Increased respiratory effort (RE) is a critical feature of obstructive sleep apnea (OSA). Although prior studies have established the efficacy of mandibular advancement device (MAD) therapy in reducing the apnea-hypopnea index (AHI), the impact of MAD therapy on RE burden remains unexplored. In this study, we used a validated mandibular jaw movement (MJM) monitoring technology to determine the dose-response relationship between MAD protrusion levels and RE burden measured as the percentage of total sleep time (TST) spent in elevated respiratory effort (REMOV) during MAD titration. Ninety-three patients with OSA eligible for MAD treatment were included in this prospective cohort study. A subjective titration process involved iterative adjustments based on the persistence or worsening of OSA symptoms. Optimal AHI and REMOV responses were defined as an AHI reduction of >50% and a residual REMOV <14% TST, respectively. MJM-based home sleep tests were conducted at initial, intermediate, and final protrusion levels. The treatment effect on REMOV was estimated by regression analysis. AHI and REMOV reductions increased progressively with higher MAD protrusion levels, with AHI decreasing by 10.3, 12.7, and 13.0 events/h and REMOV by 14.5%, 16.8%, and 18.6% TST across the three titration steps. However, a consistent discrepancy was observed between REMOV and AHI responses: at the end of titration, 68.8% of patients achieved optimal responses for both indices, whereas 15.1% had optimal REMOV response without AHI normalization, and 5.4% showed the reverse. Regression analysis showed a significant dose-response relationship for REMOV, with a 10% TST reduction within the 0-6.5 mm protrusion range and diminishing benefits beyond 6.5 mm. Of note, each millimeter advancement would yield a 2.6% TST (95% confidence interval, -3.0% to -2.1%) improvement in REMOV. Our findings demonstrate a dose-response relationship between the MAD protrusion level and the improvement in RE burden. Optimal responses in both AHI and REMOV signify greater efficacy of MAD therapy in reducing obstructive respiratory events and RE burden. This underscores the benefit of using at-home MJM analysis to monitor these two critical metrics in the management of MAD therapy to achieve better clinical outcomes and enhance MAD titration efficacy.

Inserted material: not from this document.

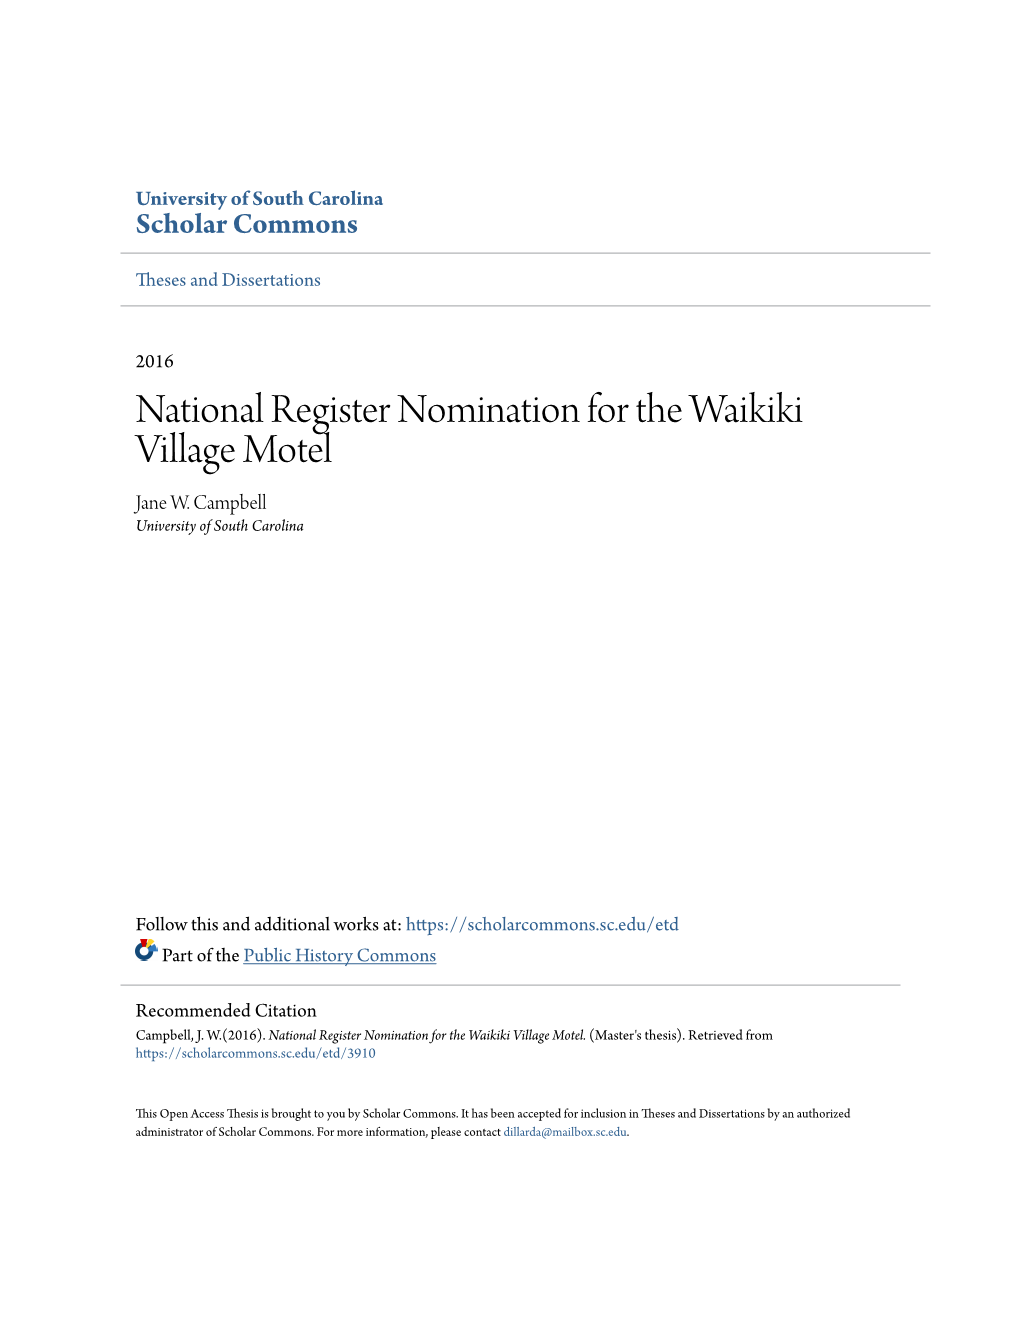 National Register Nomination for the Waikiki Village Motel Jane W

呼吸努力增加(RE)是阻塞性睡眠呼吸暂停(OSA)的一个关键特征。尽管先前的研究已经证实下颌前移装置(MAD)治疗在降低呼吸暂停低通气指数(AHI)方面的疗效,但MAD治疗对RE负担的影响仍未得到探索。在本研究中,我们使用经过验证的下颌运动(MJM)监测技术来确定MAD前伸水平与RE负担之间的剂量反应关系,RE负担以MAD滴定期间呼吸努力增加(REMOV)所花费的总睡眠时间(TST)百分比来衡量。93例符合MAD治疗条件的OSA患者纳入了这项前瞻性队列研究。一个主观滴定过程涉及根据OSA症状的持续或恶化进行反复调整。最佳AHI和REMOV反应分别定义为AHI降低>50%和残余REMOV<TST的14%。在初始、中间和最终前伸水平进行基于MJM的家庭睡眠测试。通过回归分析估计对REMOV的治疗效果。随着MAD前伸水平的提高,AHI和REMOV降低逐渐增加,在三个滴定步骤中,AHI分别降低10.3、12.7和13.0次/小时,REMOV分别降低TST的14.5%、16.8%和18.6%。然而,在REMOV和AHI反应之间观察到一个持续的差异:在滴定结束时,68.8%的患者两个指标均达到最佳反应,而15.1%的患者有最佳REMOV反应但AHI未恢复正常,5.4%的患者情况相反。回归分析显示REMOV存在显著的剂量反应关系,在0-6.5毫米前伸范围内TST降低10%,超过6.5毫米后益处逐渐减少。值得注意的是,每前进1毫米将使REMOV的TST改善2.6%(95%置信区间,-3.0%至-2.1%)。我们的研究结果表明MAD前伸水平与RE负担改善之间存在剂量反应关系。AHI和REMOV的最佳反应表明MAD治疗在减少阻塞性呼吸事件和RE负担方面具有更高的疗效。这强调了在MAD治疗管理中使用家庭MJM分析来监测这两个关键指标以实现更好的临床结果并提高MAD滴定疗效的益处。